I wish my nan told me about my grandad she never really spoke of him I think she found it too painful even after all those years.

She did tell me stories about the war, the sort that for her were scary at the time but looking back she could laugh. One that always sticks in my head was when she had just made a load of rice pudding and a bomb got dropped not far from the house and it sent her big pan of rice pudding flying through the air and it ended up all over the walls and ceiling! She also got shot at by a German pilot while she was working out in the fields, they all had to run for cover, she reckons that he was just trying to scare them and missed on purpose because he could have easily have shot them all if he wanted.
 

BigonaBianchi

Yes I can, Yes I am, Yes I did...Repeat.
I took my now ex father in law back to his childhood home in Dresden. The last time he was there was when he returned from the war as a 15 year old soldier in the verhmacht.
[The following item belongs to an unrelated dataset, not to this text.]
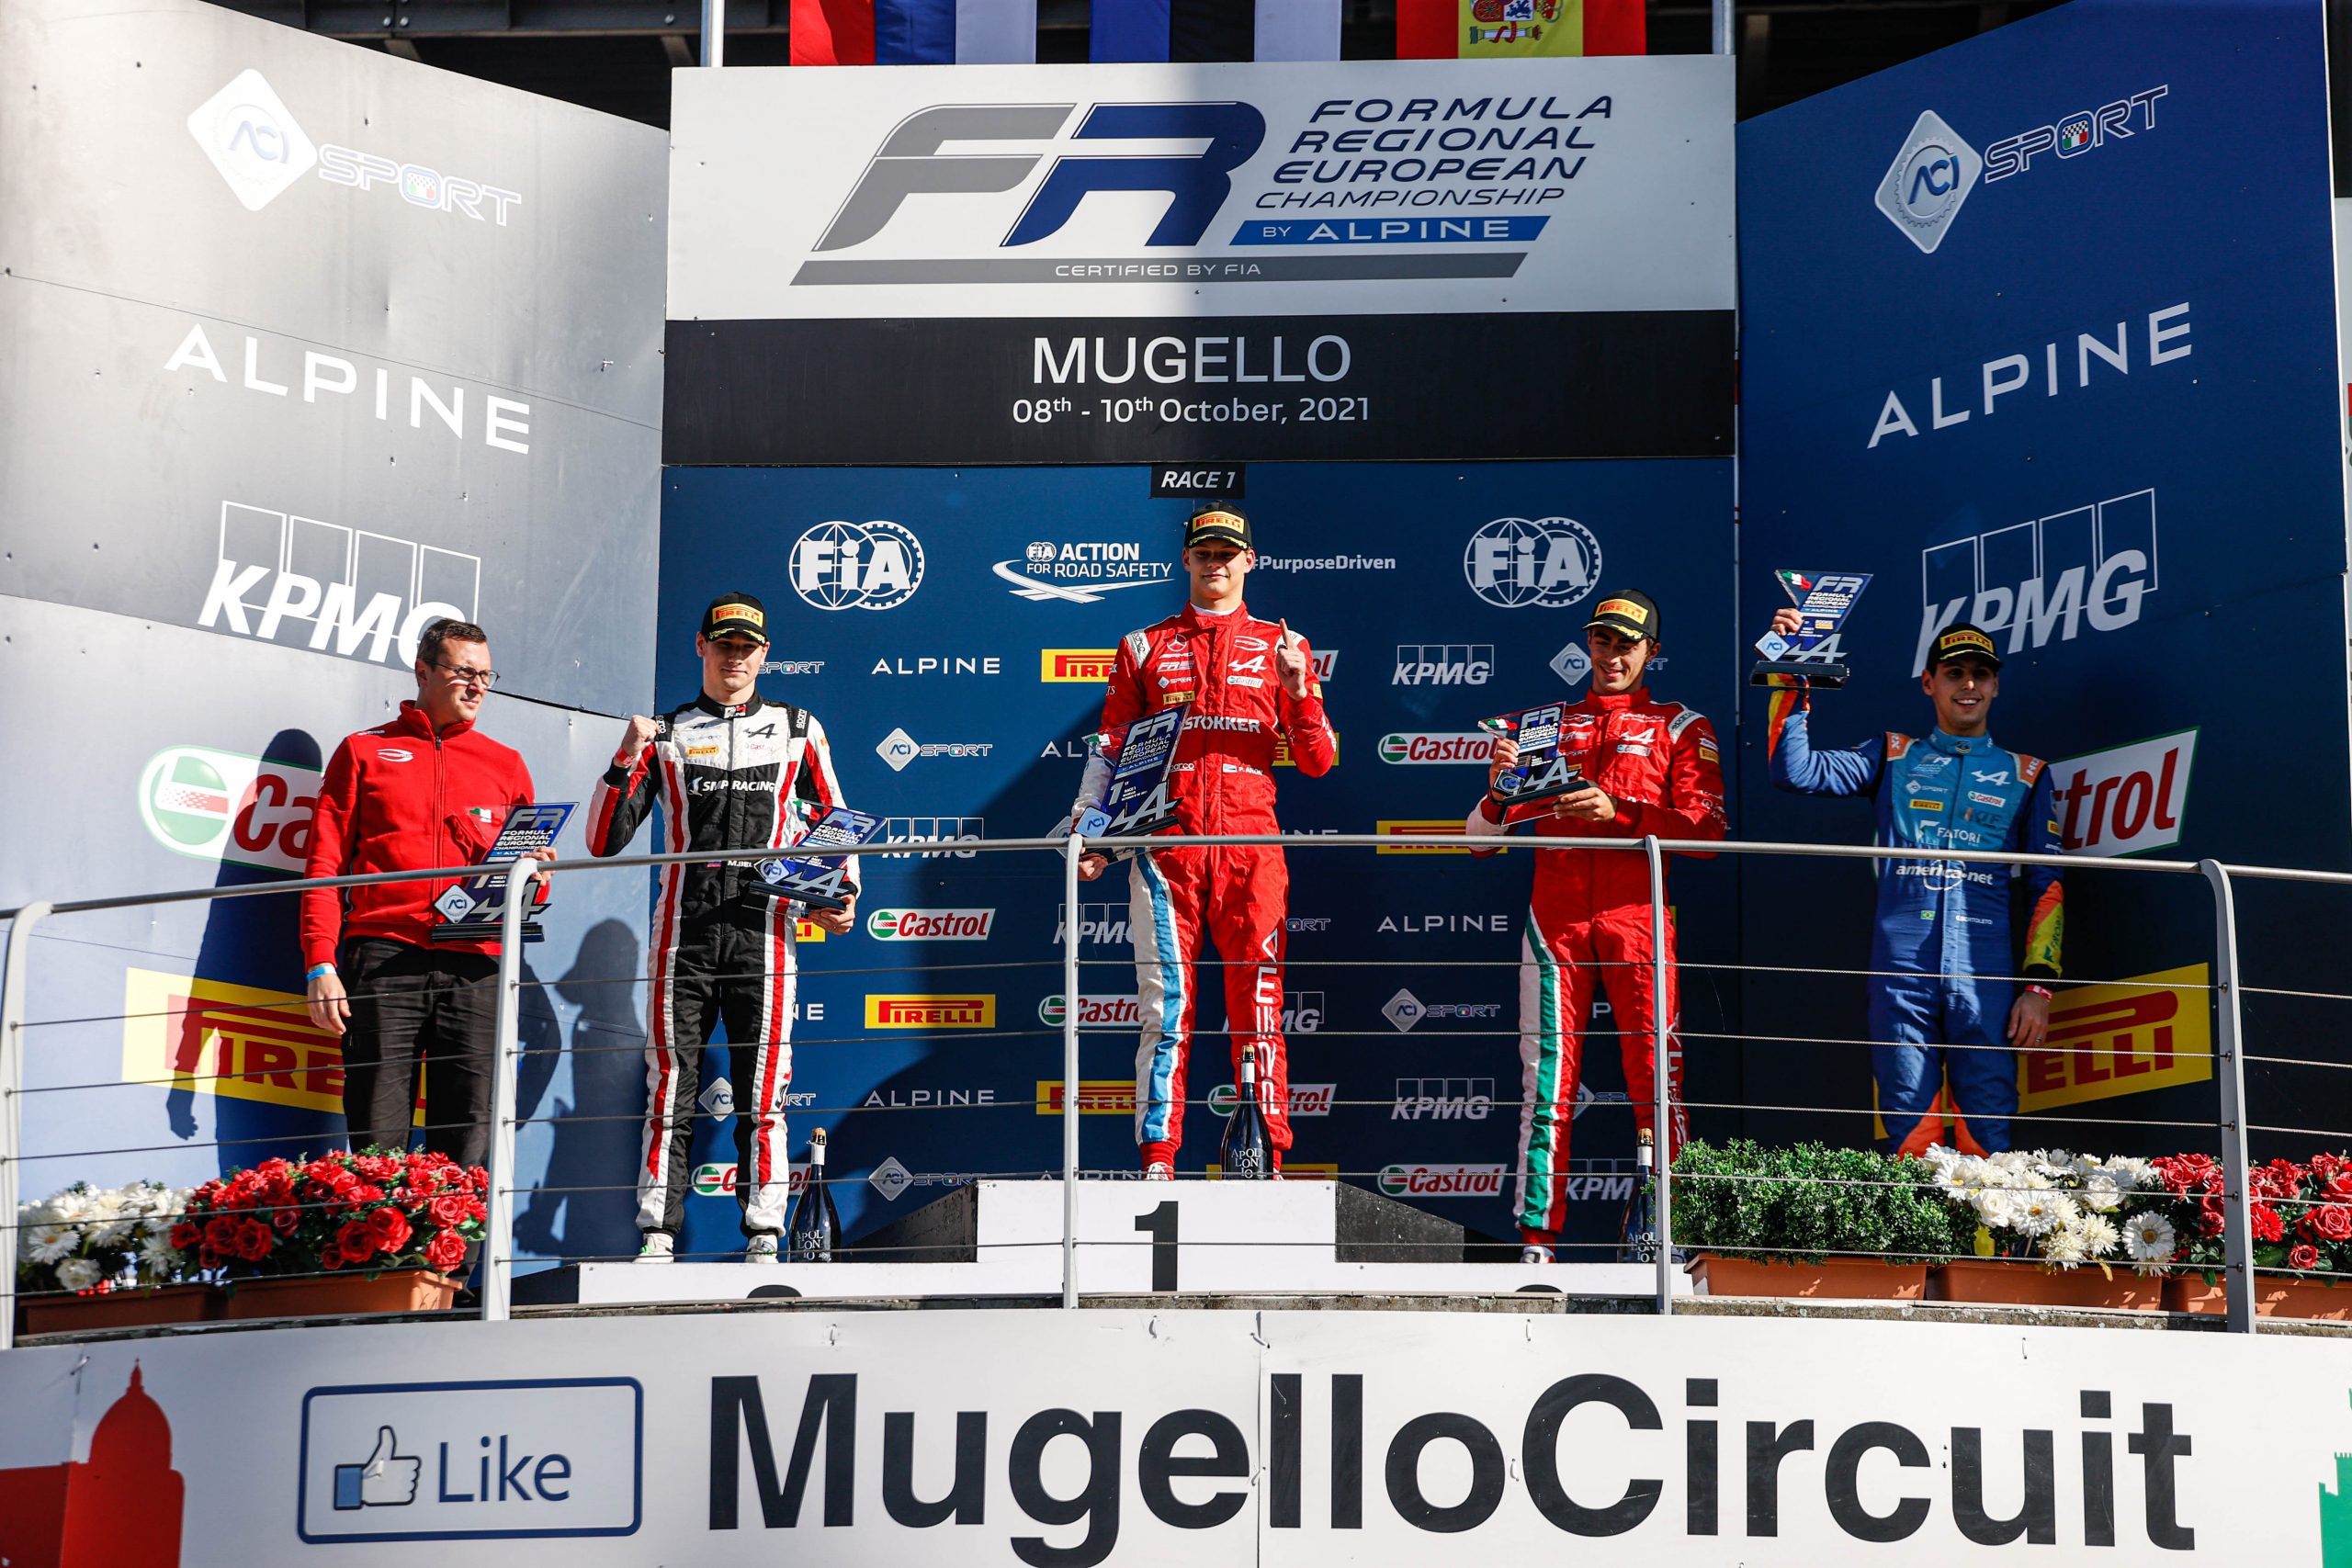 G4 Racing takes second place at Mugello

He told me the road up that hill was stacked five deep with burnt corpses from the allied bombing.
 

Sandra6

Veteran
Location
Cumbria
I think this is the first time this month that I've heard 11/11 referred to correctly as Armistice Day, I'd almost forgotten what it was called so many people seem to be calling it Poppy day!
We tried to observe the silence in work (after I was hushed for not realising it was 11 when I arrived!) but a couple of customers insisted on being spoken to.